The Limits of AI in Financial Advisory Transactions - RTInsights

The Limits of AI in Financial Advisory Transactions

The Limits of AI in Financial Advisory Transactions

Those who reinvest the time they save in higher-quality human judgment of AI output will gain the benefits without the regulatory and reputational risks that can result from a lack of precaution.

Jun 11, 2026
6 minute read

For financial advisors, AI has moved past the point of being just another valuable tool that can increase efficiency. It is now an essential tool that empowers advisors to keep pace with the elevated expectations in today’s marketplace.

According to the findings of a survey conducted by InspereX in early 2026, 78% of advisors see AI as a tool that gives firms a competitive advantage, especially when trying to attract and retain next-generation clients. Nearly two-thirds of advisors said AI is giving smaller firms the capability to compete with “much larger firms.”

But the survey’s findings also reveal the limits of AI in financial advisory transactions. It shows that advisors are primarily using AI to drive higher levels of efficiency in their practices by offloading noncritical work to the technology. This is especially valuable for advisors with smaller offices, as it allows them to run at the same capacity as those backed by teams of practice managers and other administrative staff. The less time they need to spend on these non-mission-critical items translates into more time they can devote to high-value tasks like client meetings and relationship management.

“Research and insights” was identified as the top task assigned to AI, with 74% of advisors reporting they used the technology in this area.

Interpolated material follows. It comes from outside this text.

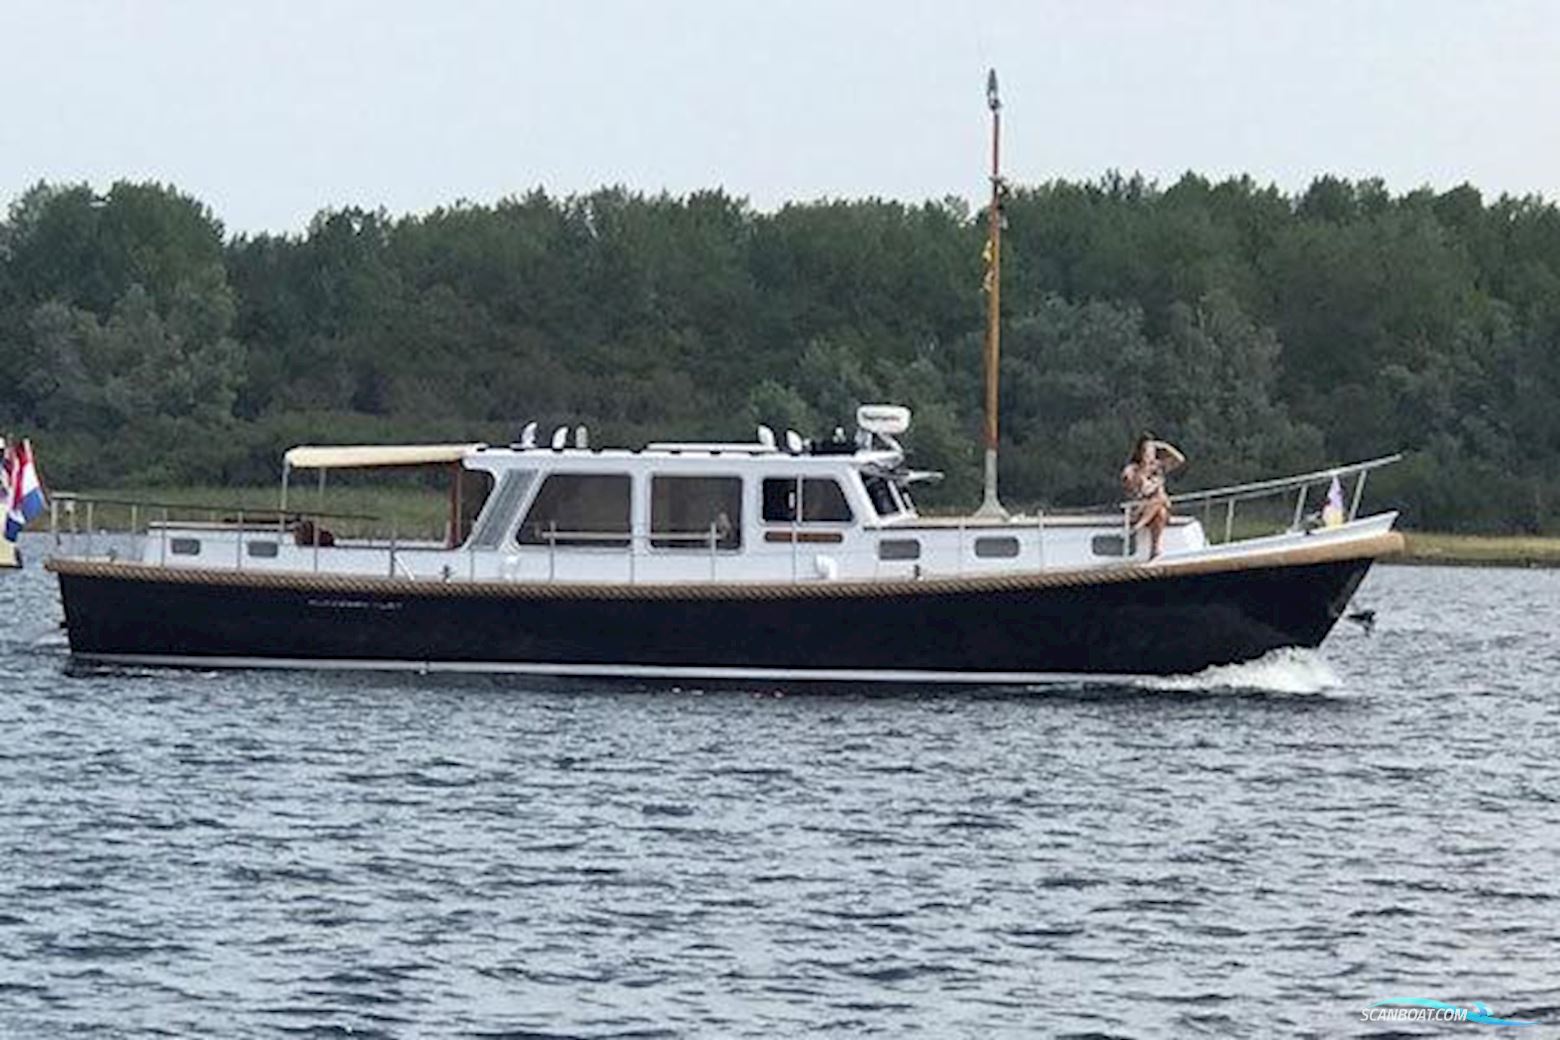 Klaassen Vlet 13.60 Motor boat 1991, with Man engine, The Netherlands

The next highest uses included “client communications and follow-up” (73%), “meeting preparation and documentation” (72%), “planning and proposal drafting” (56%), “marketing and content creation” (52%), and finally “back-office tasks and operations” (43%). When asked what they would “never” delegate to AI, 26% of advisors gave “product selection” as their top response, followed by 23% saying “portfolio recommendations” and 20% saying “suitability-related analysis.” What’s worrying, though, and something advisors who use AI should be asking themselves, is “how much overlap is there between ‘research and insights’ and ‘product selection’?”

Overall, the survey reveals that advisors feel AI can be used as a value-add tool, but not as a replacement for actual judgment. It can help advisors to move faster, consider more data, and identify more patterns, but outsourcing the full thought process involved in advising is a dangerous practice. With how confident most of today’s models sound, it’ll be important going forward that advisors recognize when the AI tries to replace decision-making tasks and stop it early on.

To avoid pushing AI past its limits, advisors need to use it for preliminary guidance. It can bring clarity in an advising situation involving internal documents that are vague or components that would normally require a check-in with a specialist. But it shouldn’t be seen as the subject matter expert. Rather, it is the tool that gets projects to a better starting point before passing material on to a human advisor who owns the topic.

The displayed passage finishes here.